▶ **Source data**:
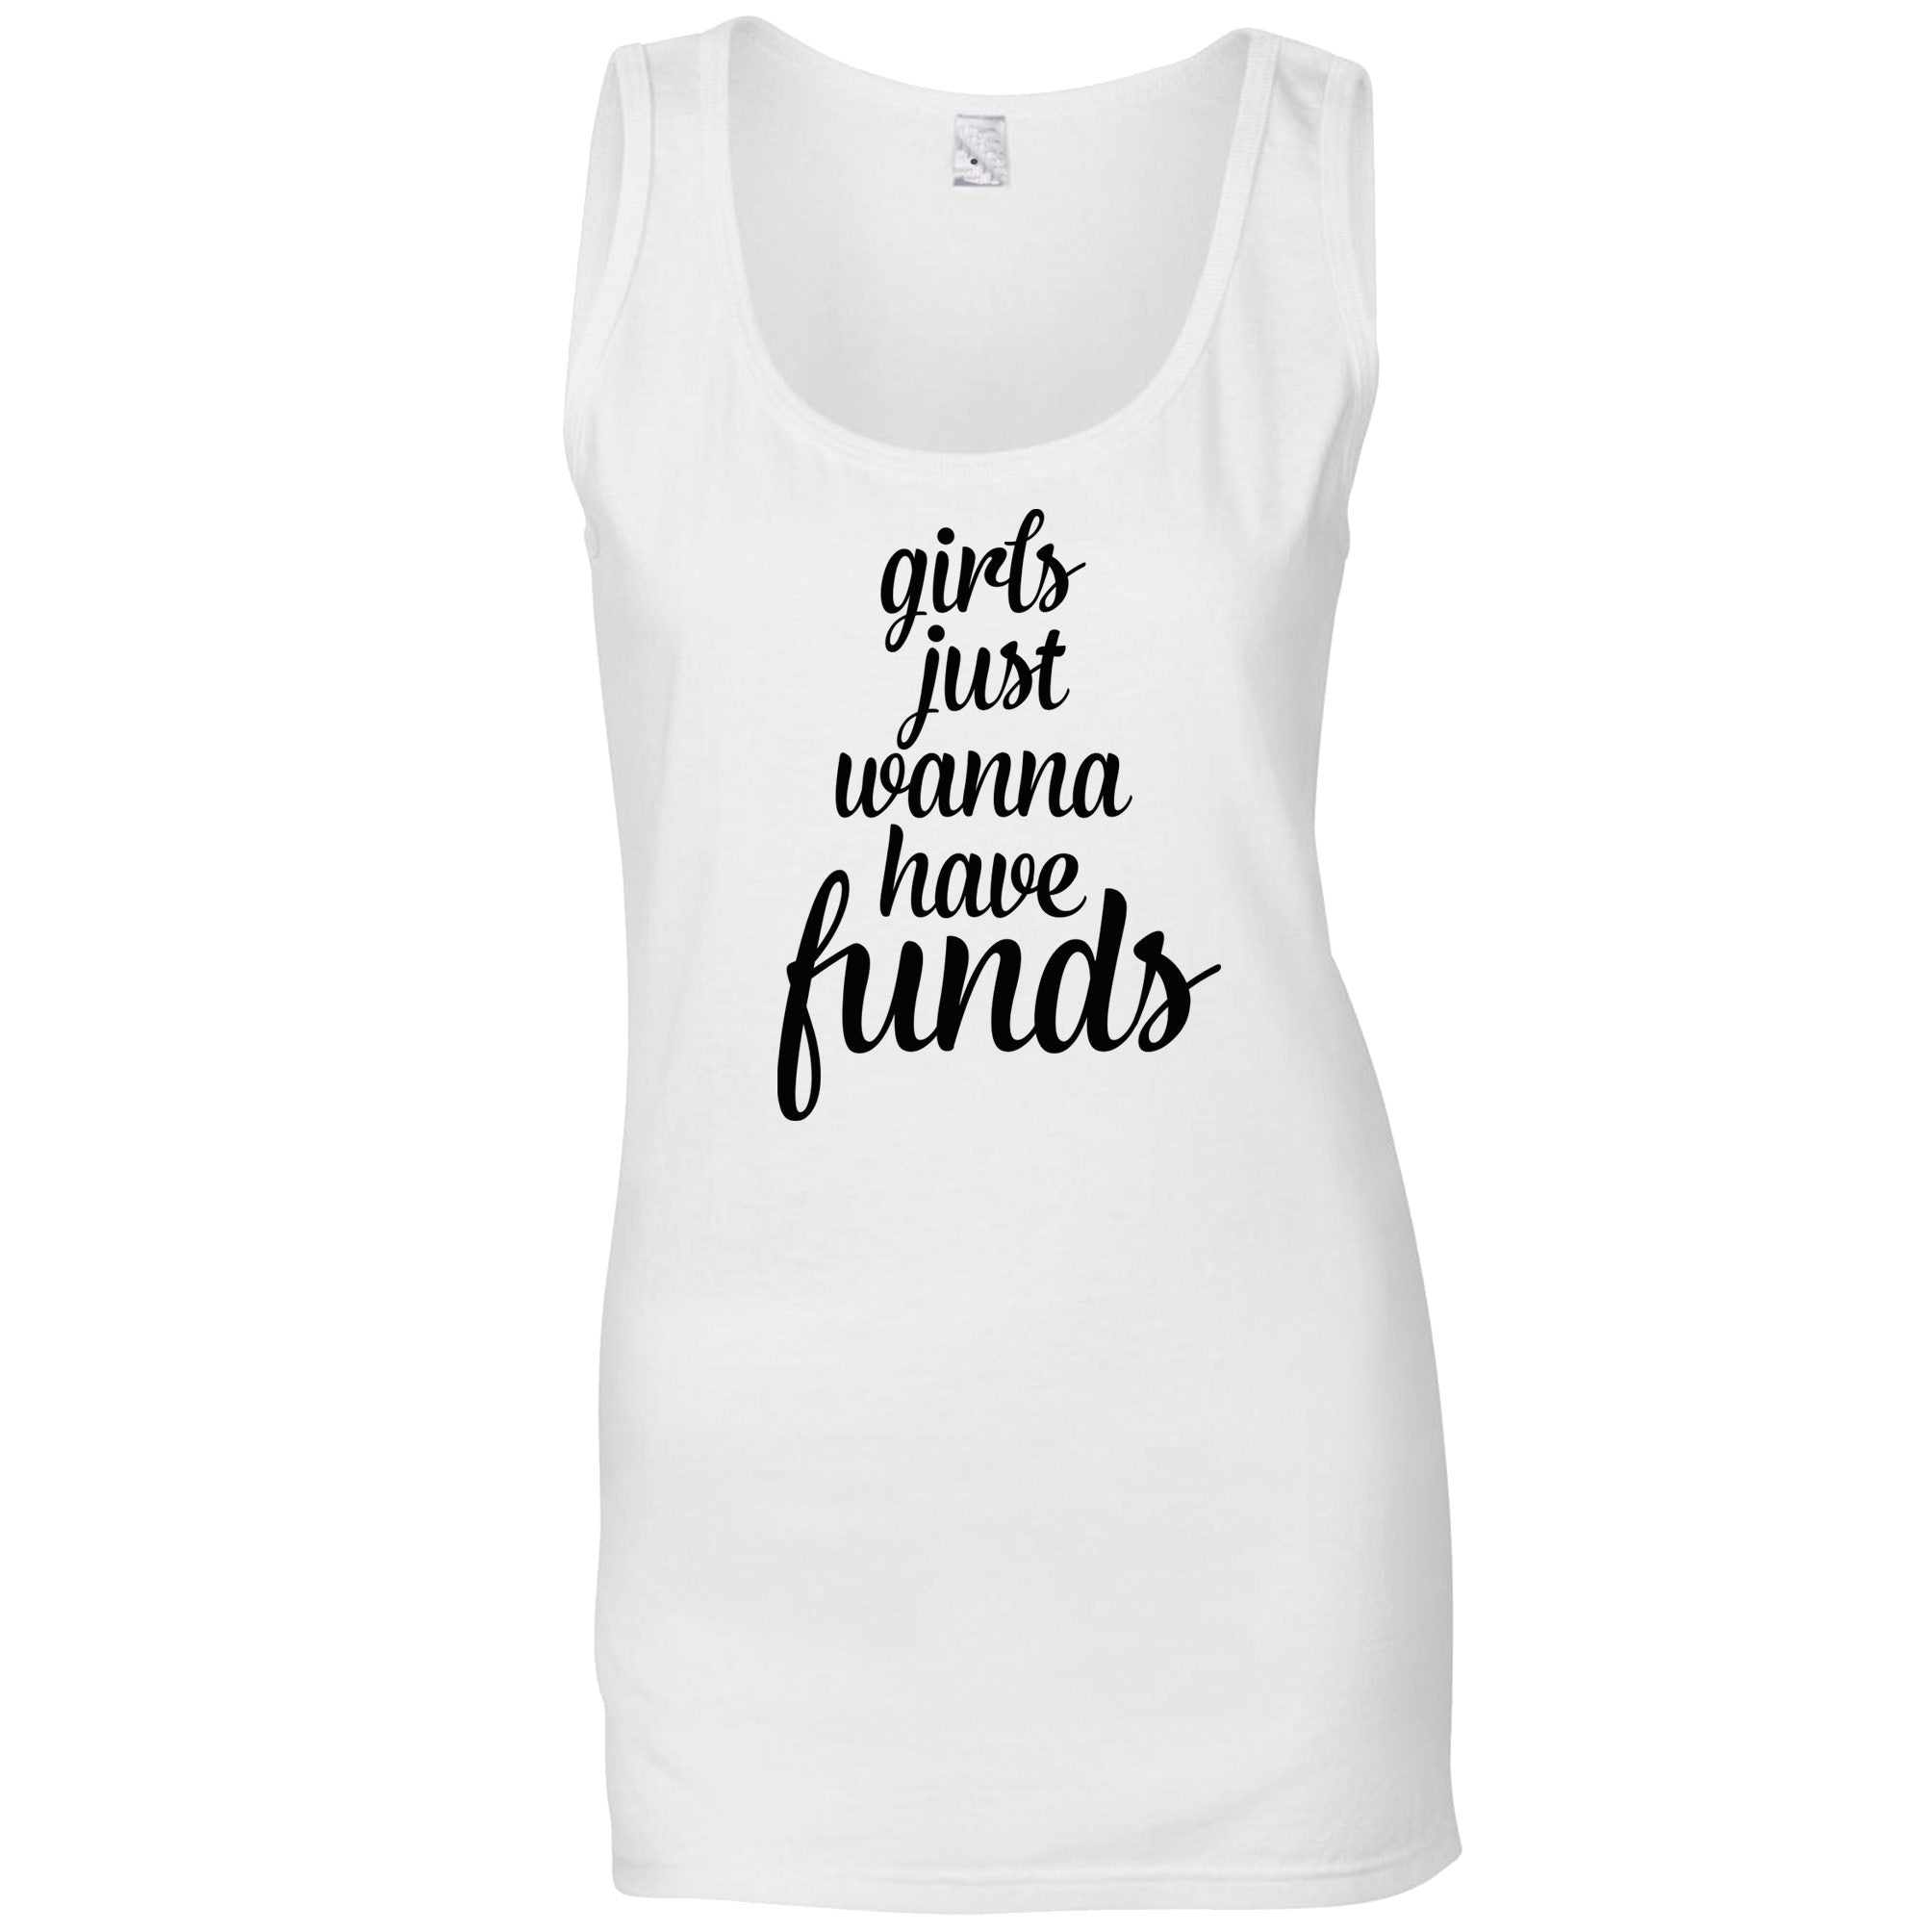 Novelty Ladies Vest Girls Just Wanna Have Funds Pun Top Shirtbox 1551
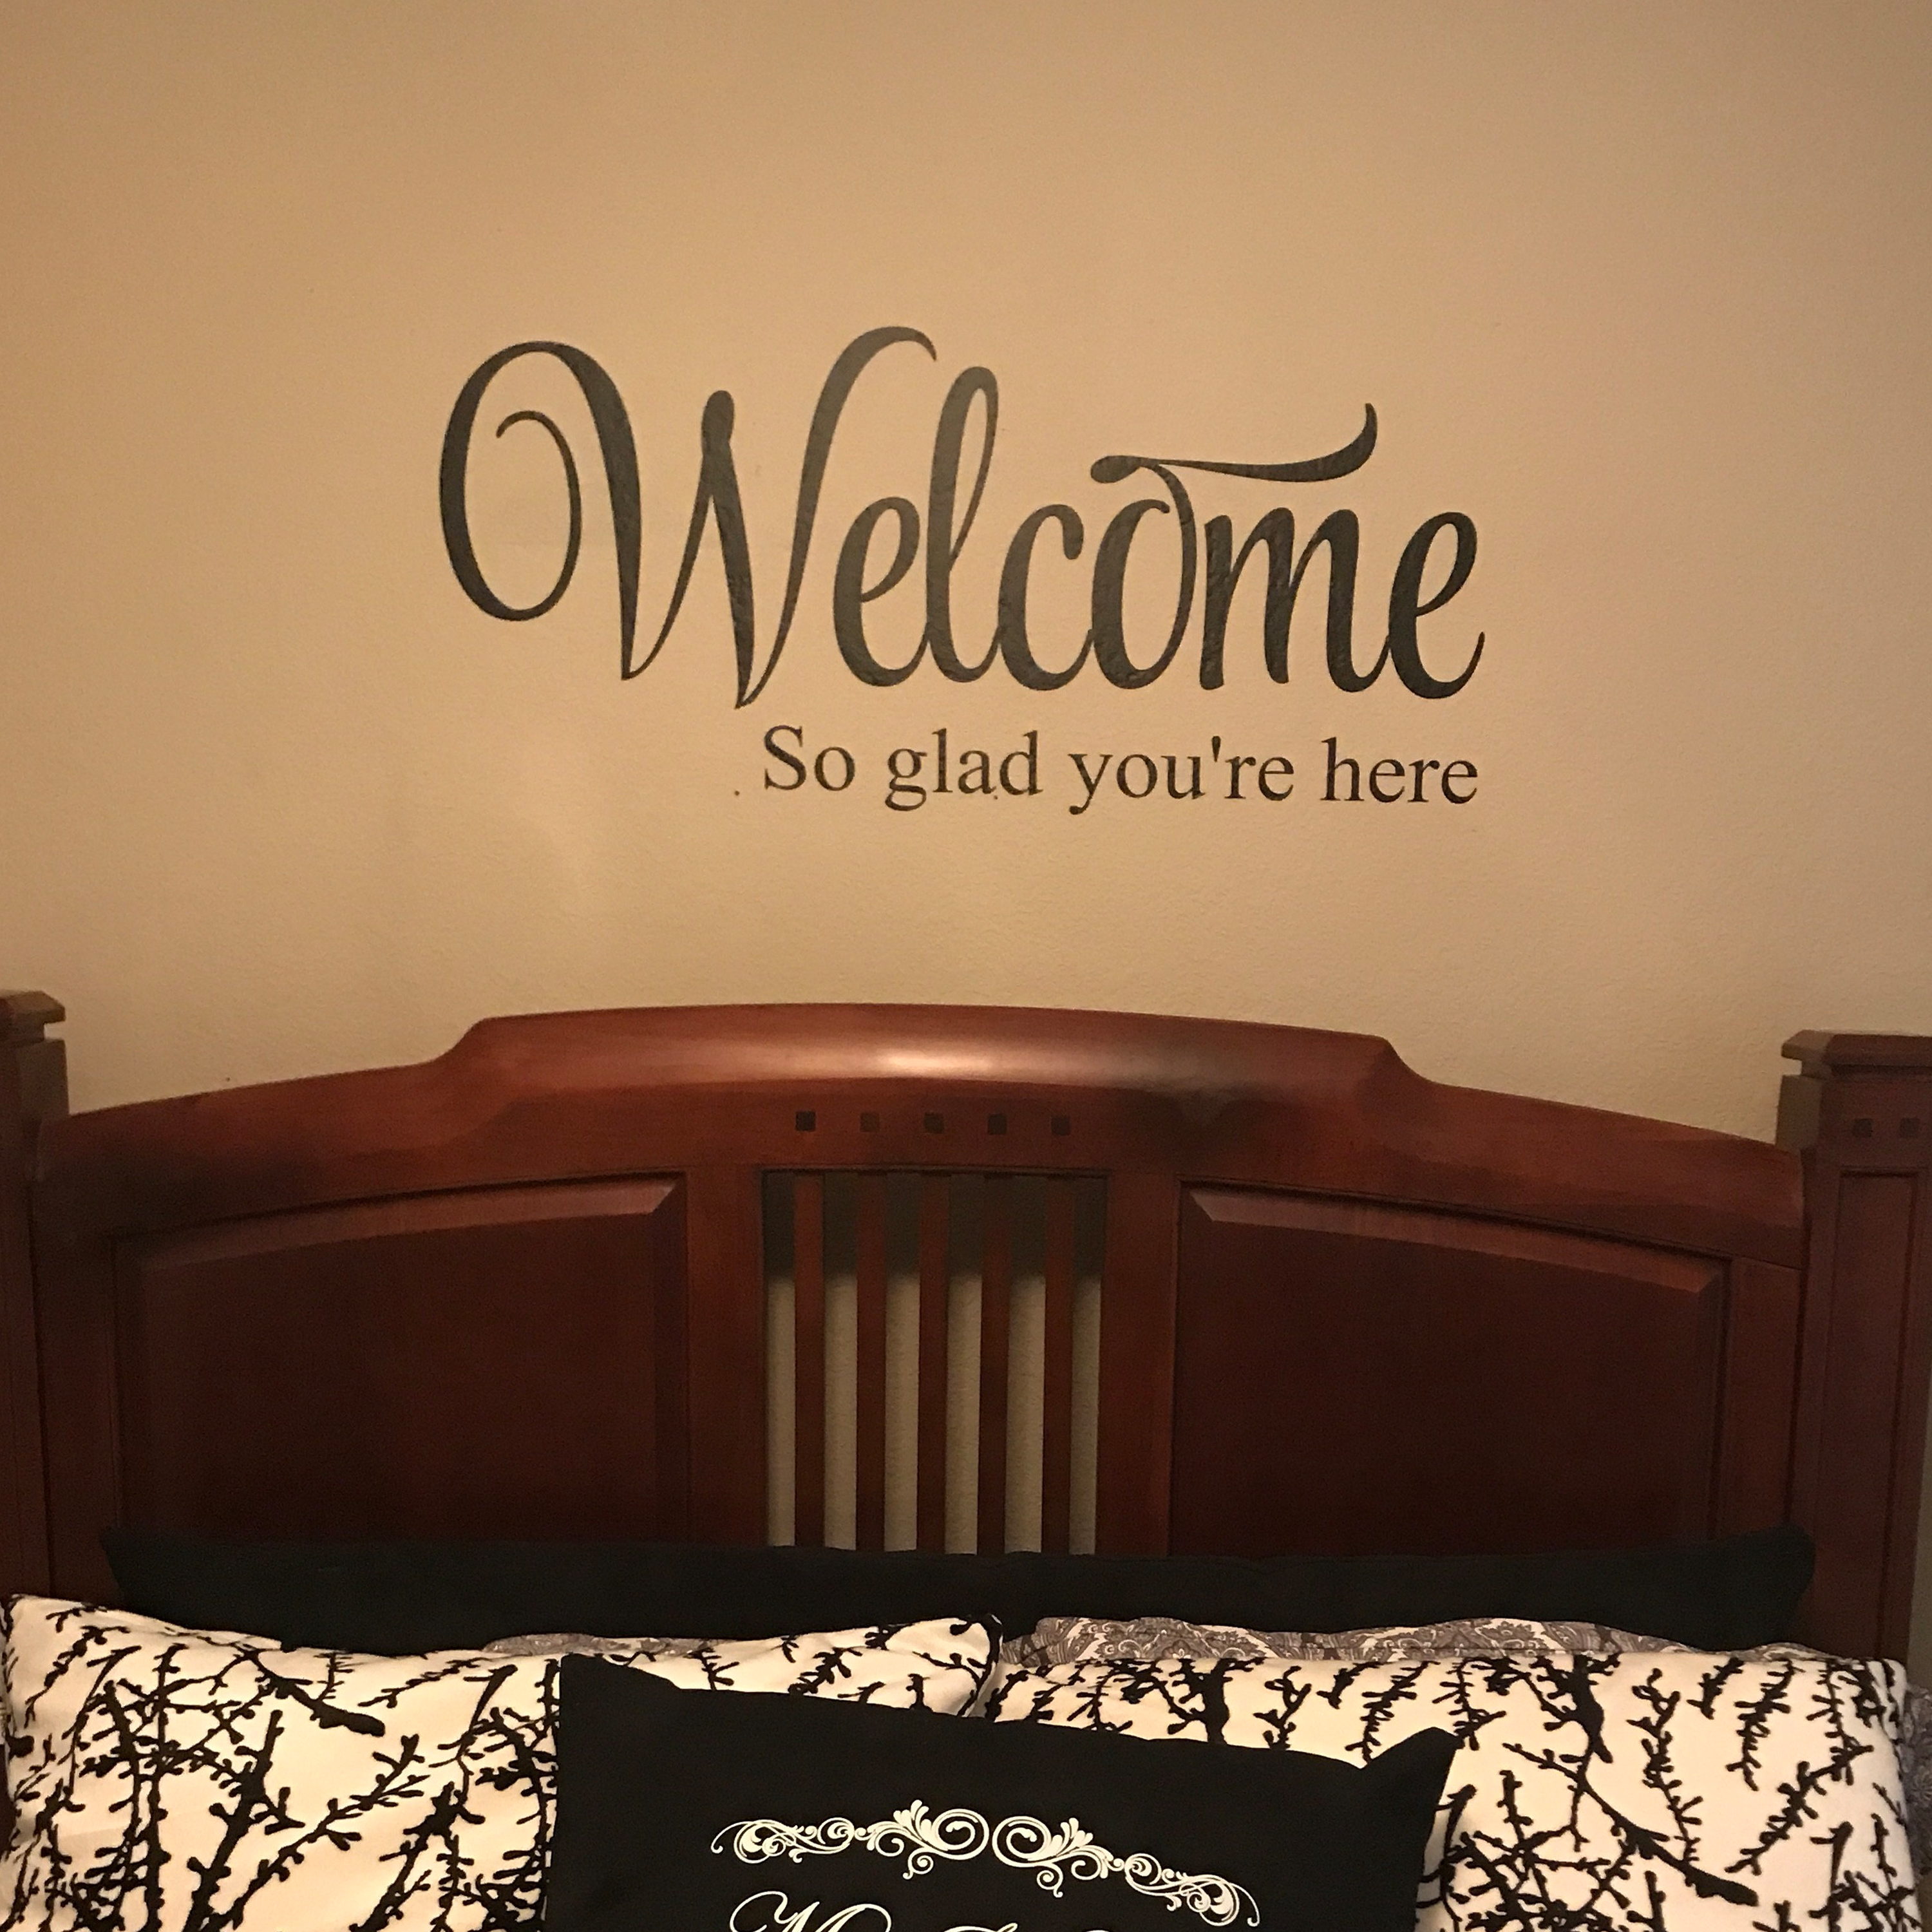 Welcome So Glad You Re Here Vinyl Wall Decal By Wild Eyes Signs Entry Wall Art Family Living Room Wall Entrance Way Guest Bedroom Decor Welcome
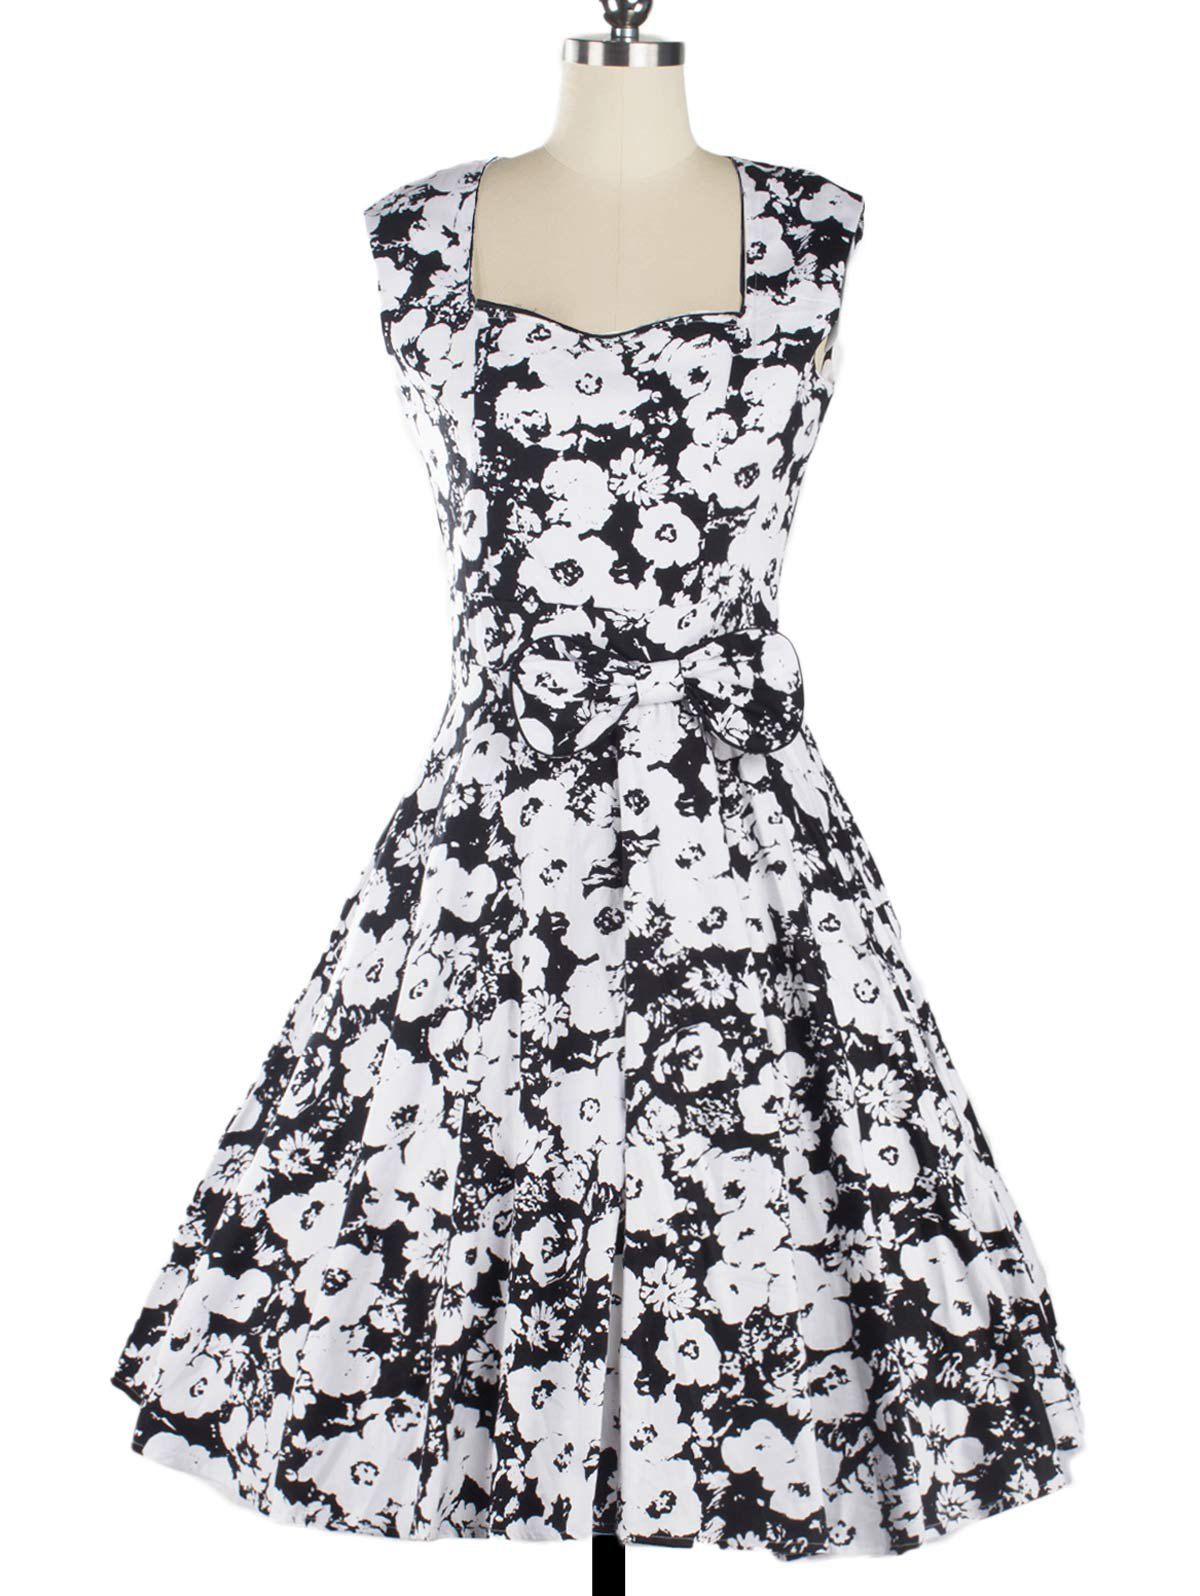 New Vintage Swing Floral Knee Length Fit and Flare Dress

▶ **Assignment**: The task requires that every line above be transcribed exactly, without the images.

▶ **Written response**:
 Novelty Ladies Vest Girls Just Wanna Have Funds Pun Top Shirtbox 1551
 Welcome So Glad You Re Here Vinyl Wall Decal By Wild Eyes Signs Entry Wall Art Family Living Room Wall Entrance Way Guest Bedroom Decor Welcome
 New Vintage Swing Floral Knee Length Fit and Flare Dress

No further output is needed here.